Vulnerable Baby Scale: development and piloting of a questionnaire to measure maternal perceptions of their baby's vulnerability.

OBJECTIVES: To develop and provide initial data to validate a contemporary measure of maternal perceptions of infant vulnerability. METHODS: Questions that address current concerns of mothers regarding their young children (such as the risk of sudden infant death syndrome) were added to an existing Vulnerable Child Questionnaire.
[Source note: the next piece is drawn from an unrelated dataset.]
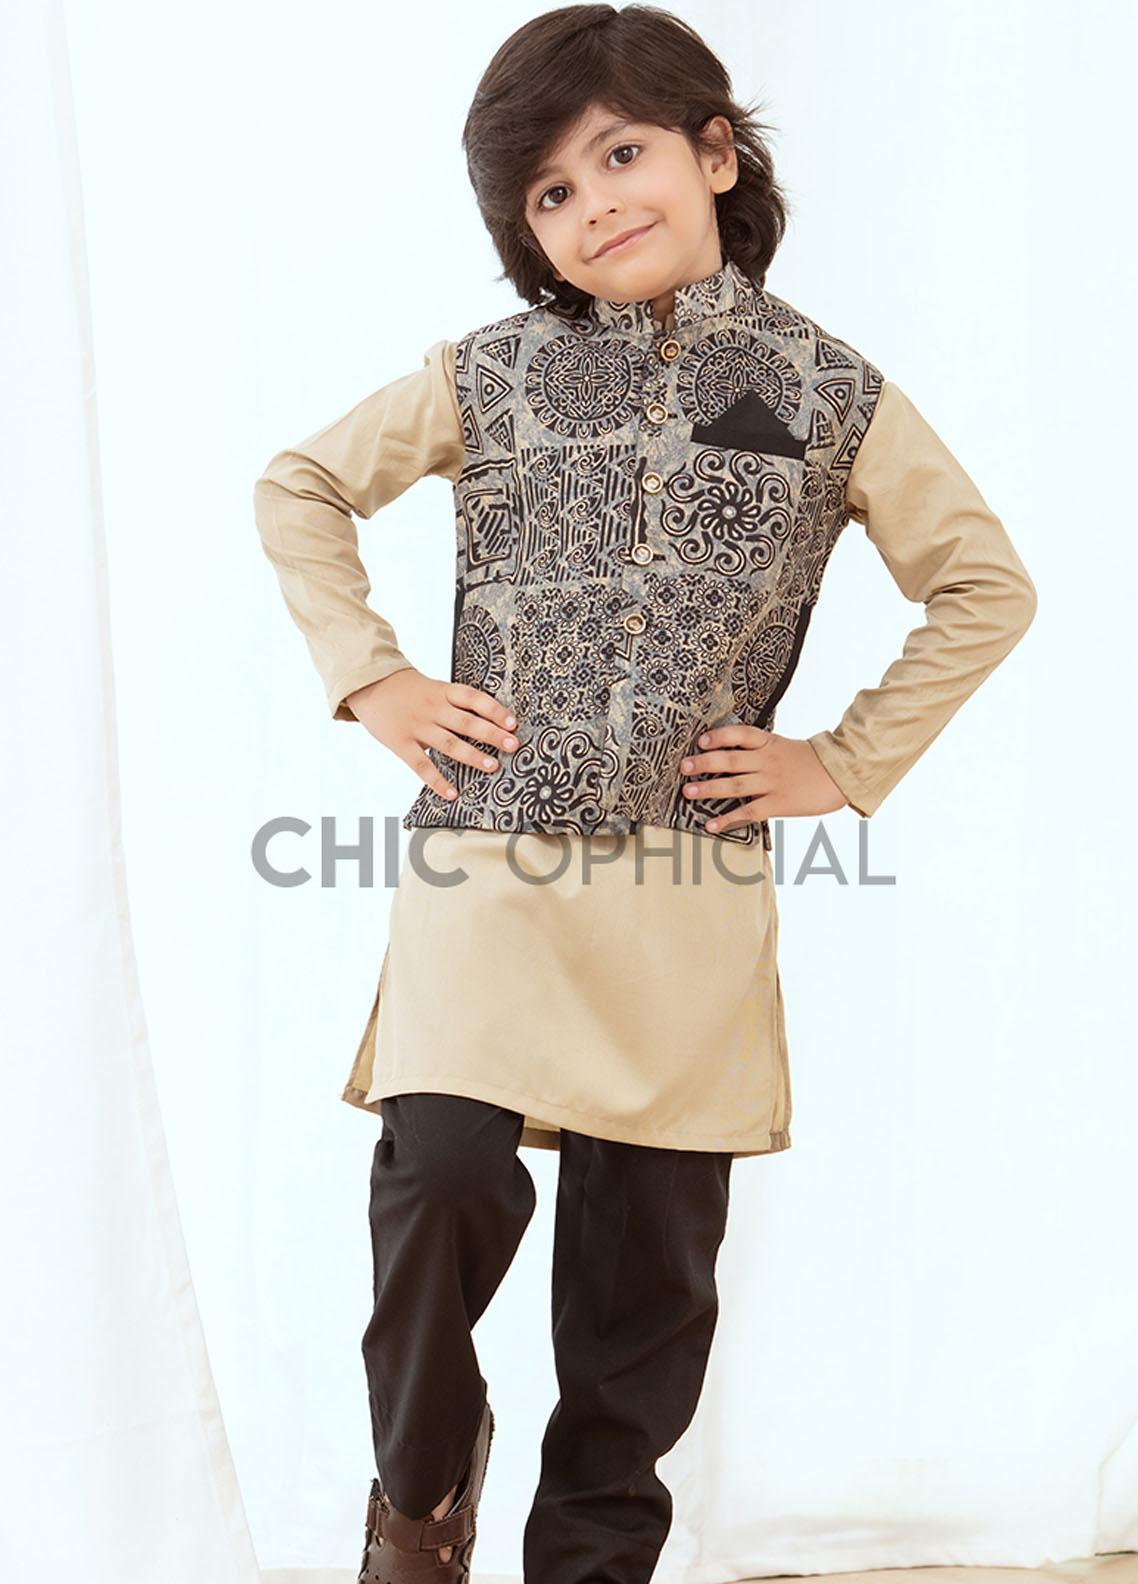 Chic Ophicial Wash N Wear Fancy 3 Piece for Boys -  Batik effect

Questions not relevant to either current concerns or to young infants were removed. The modified questionnaire, along with standard measures of maternal anxiety and depressive symptoms, were administered to mothers of 39 healthy full-term babies, 17 mothers of 'medically fragile' babies and 19 mothers of jaundiced babies. Babies were approximately 12 weeks of age at the time of completion of the questionnaire. RESULTS: Three questions were removed from the questionnaire on the basis of poor item-total correlations, leaving the final version with 10 questions, scored on 1-5 rating scales. Cronbach alpha for the revised scale was 0.7. There was a significant difference (P = 0.002) in mean vulnerable baby scores between the control group and the 'medically fragile' group. There was a moderately strong correlation between vulnerable baby score and maternal state anxiety (r = 0.6) and a weaker correlation with maternal depressive symptoms (r = 0.3). CONCLUSIONS: The modified questionnaire has good internal consistency. The difference in mean scores between the three groups, and correlations with maternal anxiety and depressive symptoms, lend construct validity to the scale. The Vulnerable Baby Scale appears to be suitable for assessing maternal perceptions of the vulnerability of their young babies in clinical and research settings although further research, with larger samples, may be necessary to fully establish the scale's psychometric properties.